A Statistical Study of Short-period Decayless Oscillations of Coronal Loops in an Active Region

TL;DR

This study statistically analyzes short-period decayless transverse oscillations in coronal loops using high-resolution Solar Orbiter data, revealing their properties, dependence on loop length, and implications for coronal heating.

Contribution

It provides the first comprehensive statistical analysis of short-period decayless coronal loop oscillations, including measurements of periods, loop lengths, kink speeds, magnetic fields, and energy flux.

Findings

Oscillations have periods from 11 to 185 seconds with a median of 40 seconds.

Oscillatory periods strongly depend on loop lengths, indicating standing kink-mode waves.

Energy flux from these oscillations is insufficient for coronal heating.

Abstract

Coronal loop oscillations are common phenomena in the solar corona, which are often classified as decaying and decayless oscillations.
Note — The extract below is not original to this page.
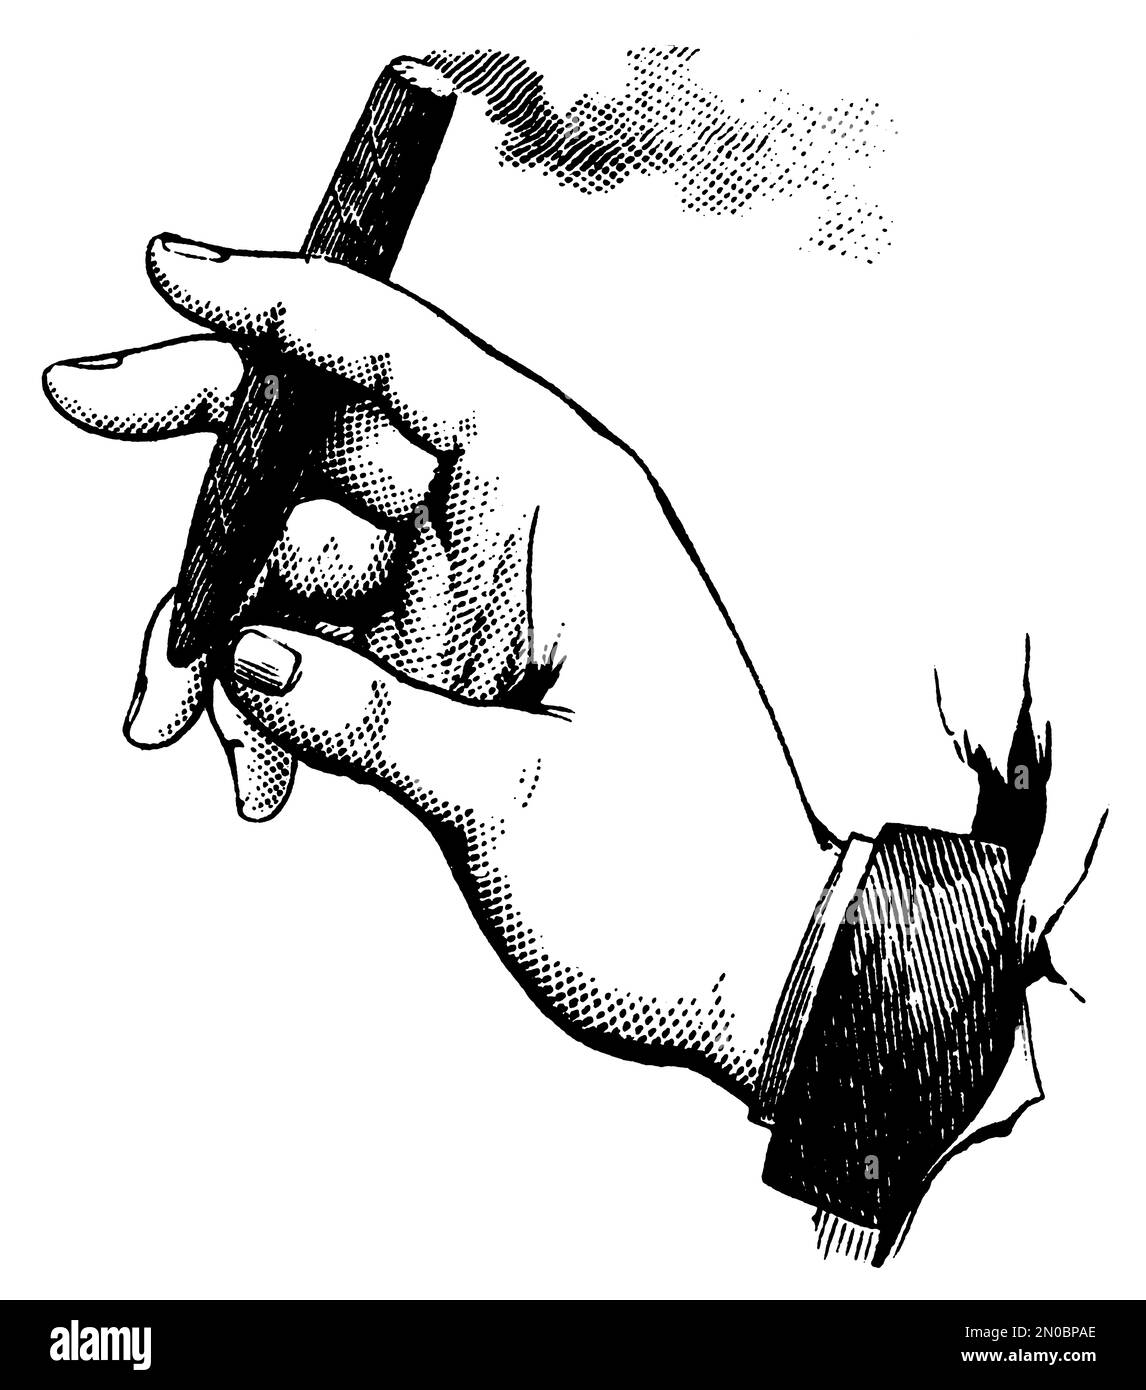 Antike Gravur aus dem 19. Jahrhundert in der Hand des Menschen mit einer Zigarre (isoliert auf weiß). Veröffentlicht in Systematic Bilder-Atlas zum Conversations-Lexikon, Stockfoto

Using the high-resolution observation measured by the Extreme Ultraviolet Imager (EUI) onboard the Solar Orbiter, we statistical investigate small-scale transverse oscillations with short periods (<200 s) of coronal loops in an active region, i.e., NOAA 12965. A total of 111 coronal loops are identified in EUI 174 A images, and they all reveal transverse oscillations without any significant decaying, regarding as decayless oscillations. Oscillatory periods are measured from about 11 s to 185 s, with a median period of 40 s. Thus, they are also termed as short-period oscillations. The corresponding loop lengths are measured from about 10.5 Mm to 30.2 Mm, and a strong dependence of oscillatory periods on loop lengths is established, indicating that the short-period oscillations are standing kink-mode waves in nature. Based on the coronal seismology, kink speeds are measured to about 330-1910 km/s, and magnetic field strengths in coronal loops are estimated to about 4.1-25.2 G, while the energy flux carried by decayless kink oscillations lies in the range from roughly 7 W m^(-2) to 9220 W m^(-2). Our estimations suggest that the wave energy carried by short-period decayless kink oscillations can not support the coronal heating in the active region.